[GIVEN INFORMATION]

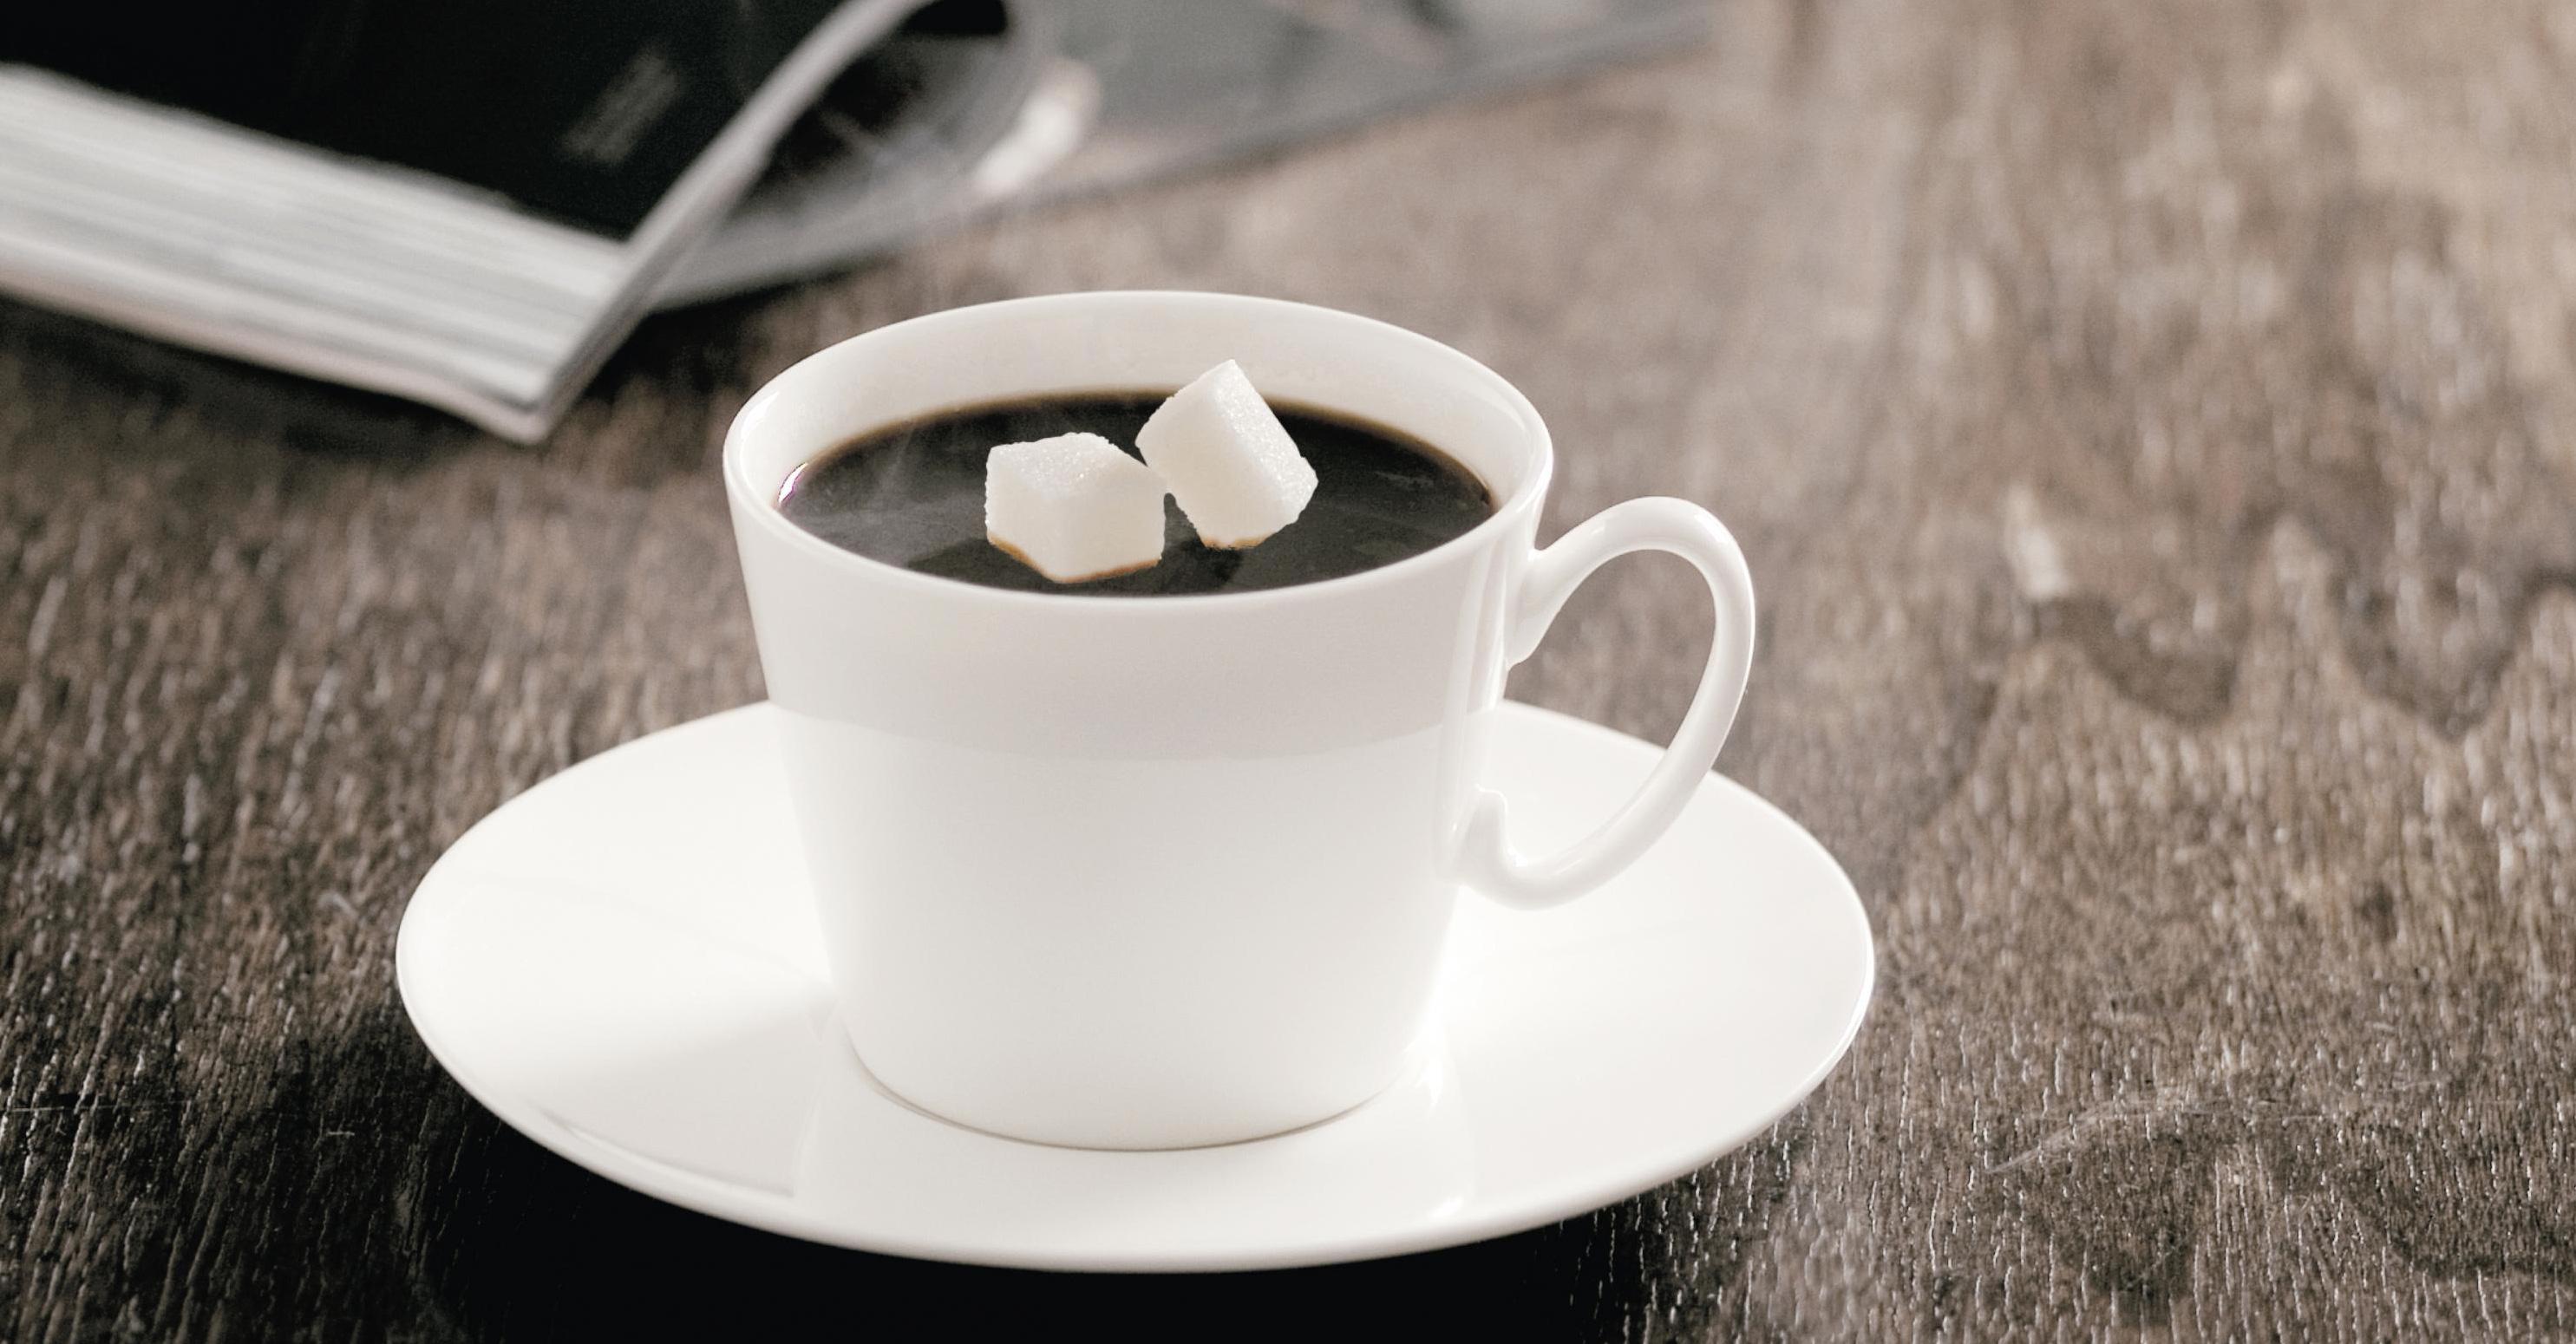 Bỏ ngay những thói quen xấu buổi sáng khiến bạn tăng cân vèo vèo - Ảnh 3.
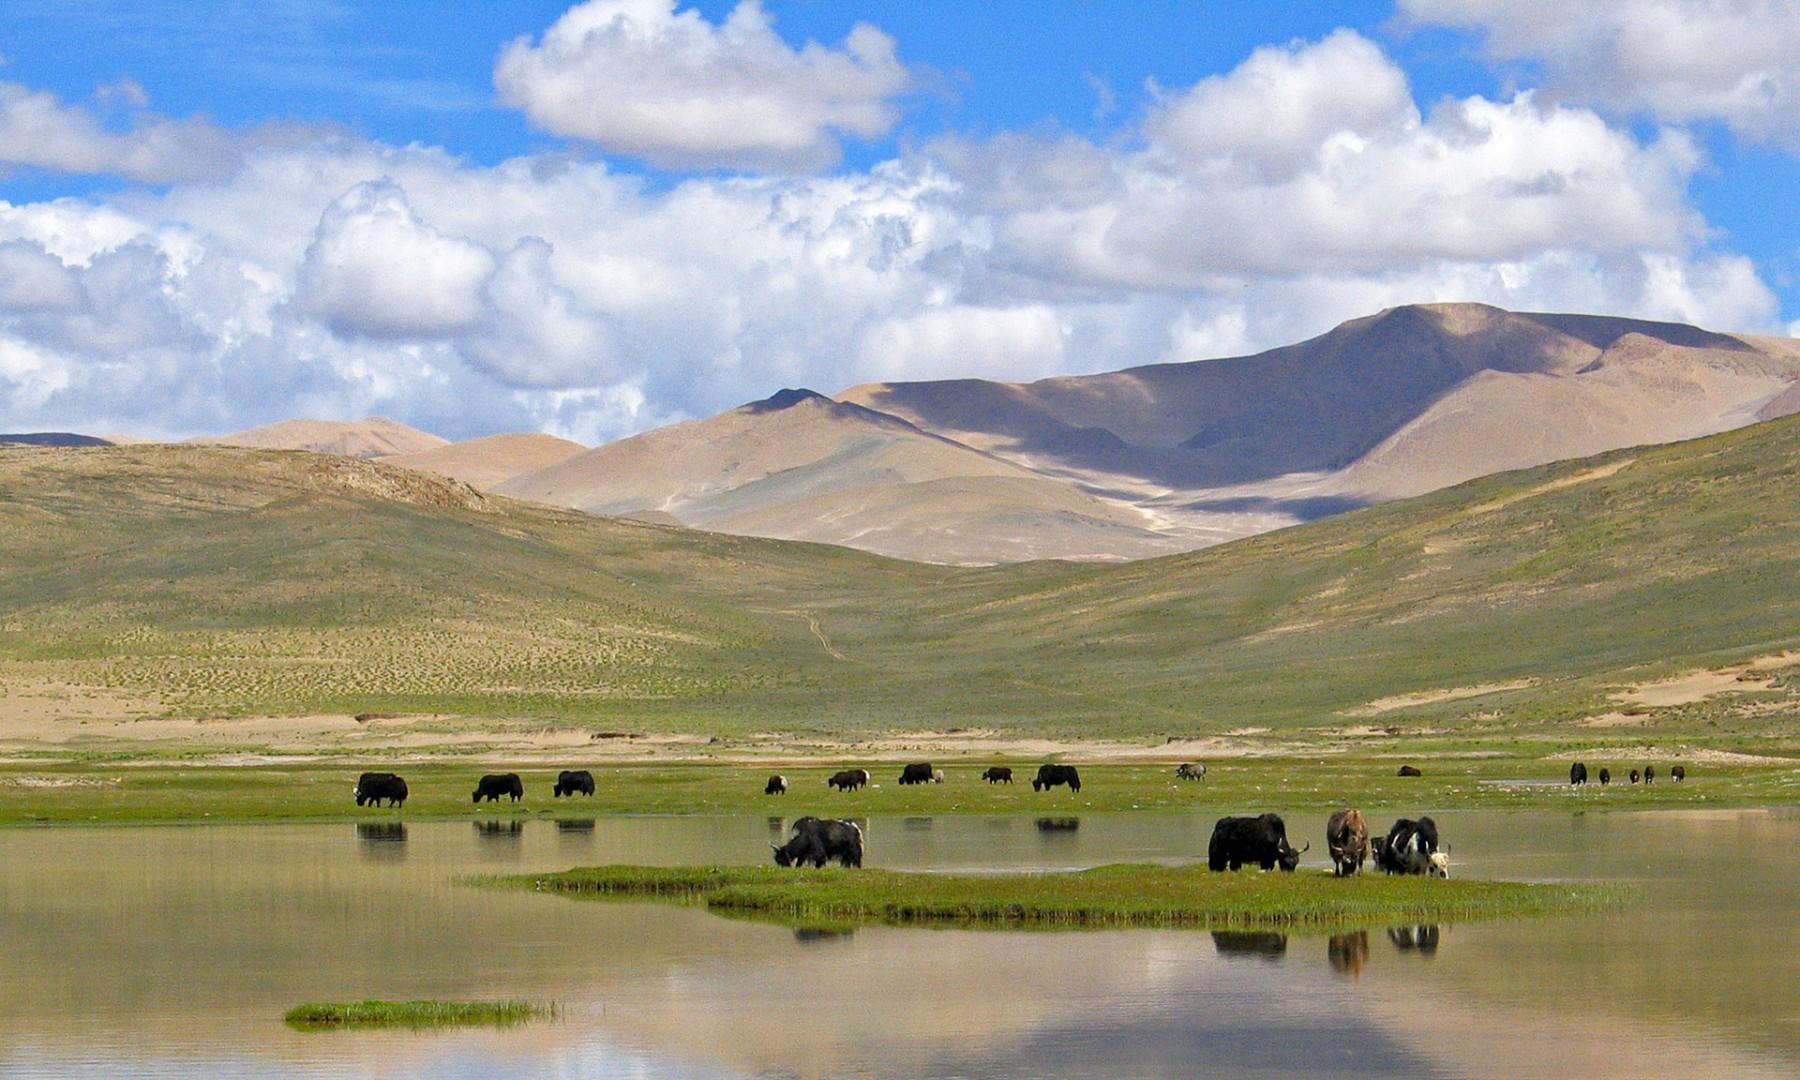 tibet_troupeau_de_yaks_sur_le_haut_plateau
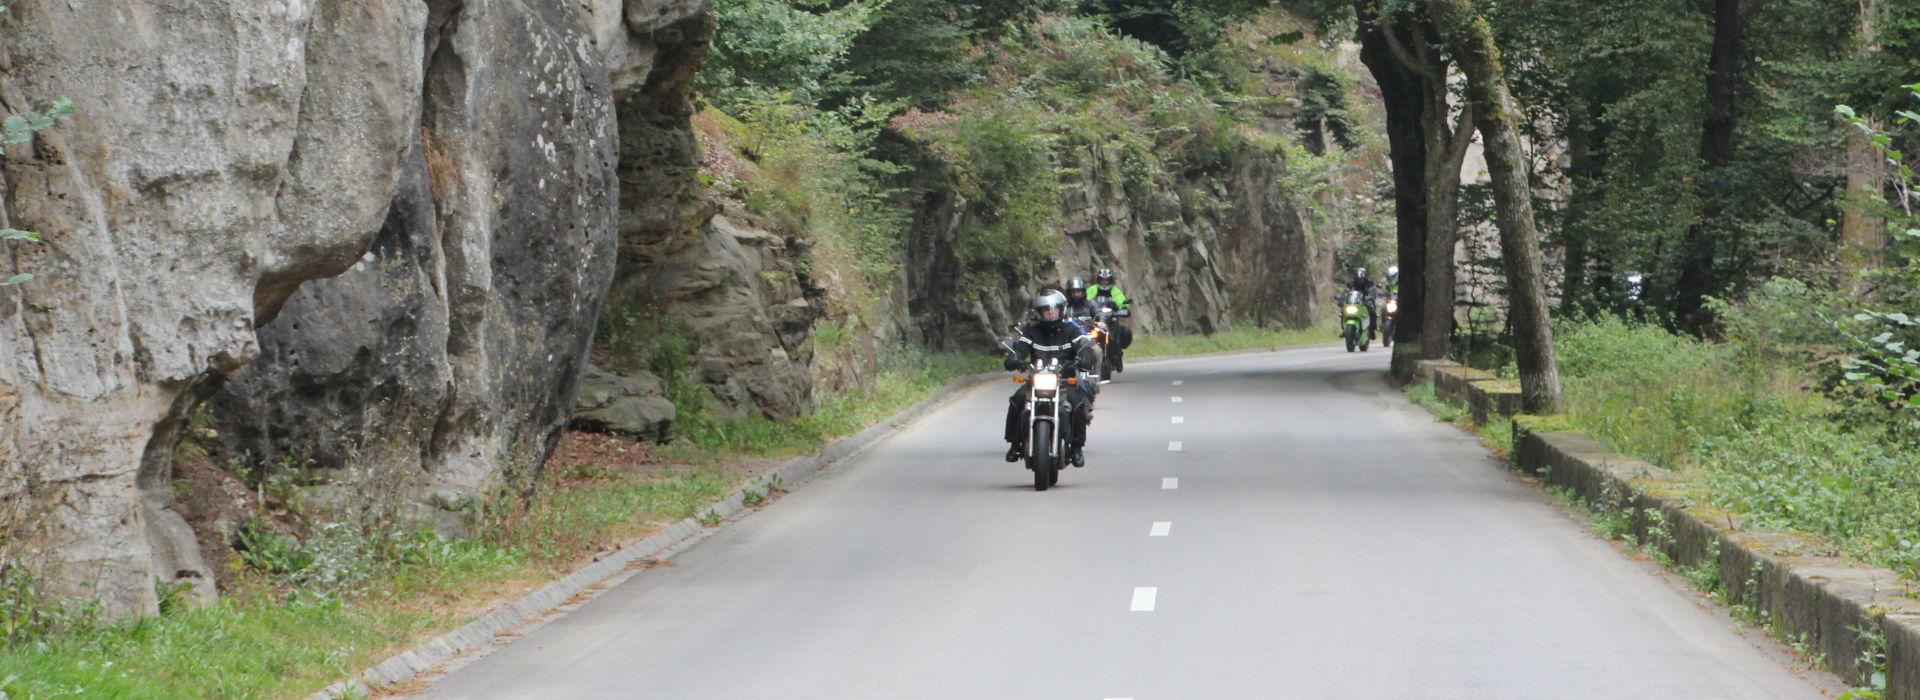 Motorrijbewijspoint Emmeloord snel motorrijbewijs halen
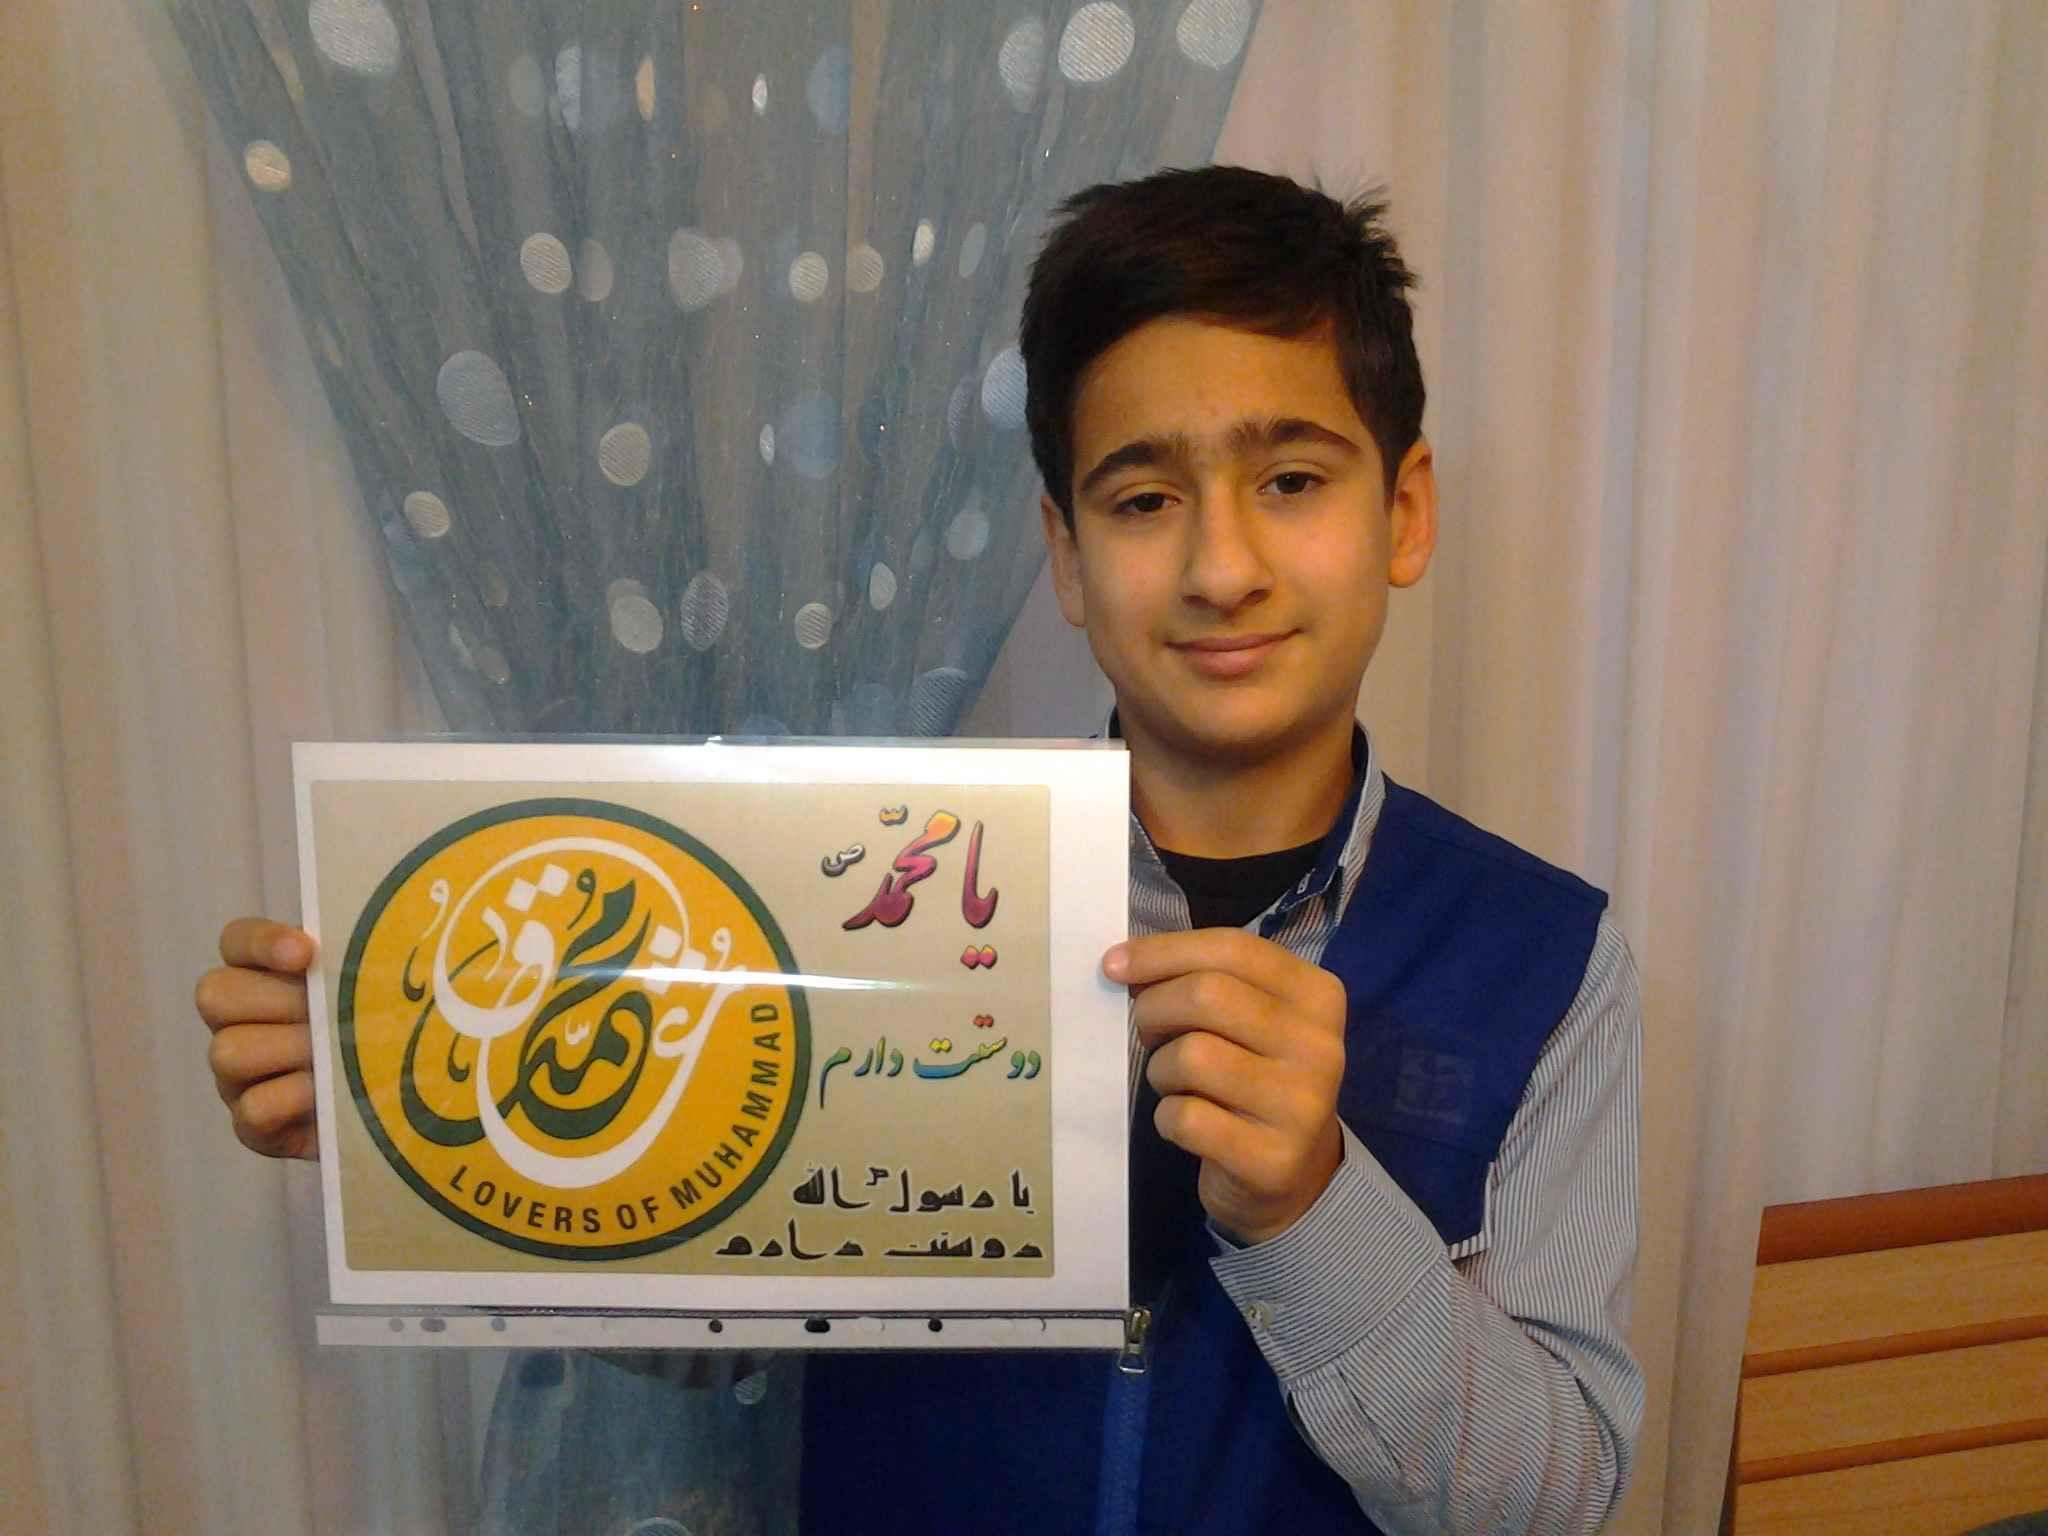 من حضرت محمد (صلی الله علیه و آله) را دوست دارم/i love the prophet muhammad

[/GIVEN INFORMATION]

**TASK TO COMPLETE:** With the pictures removed, copy the data above word for word.

**COMPLETED TASK:**
 Bỏ ngay những thói quen xấu buổi sáng khiến bạn tăng cân vèo vèo - Ảnh 3.
 tibet_troupeau_de_yaks_sur_le_haut_plateau
 Motorrijbewijspoint Emmeloord snel motorrijbewijs halen
 من حضرت محمد (صلی الله علیه و آله) را دوست دارم/i love the prophet muhammad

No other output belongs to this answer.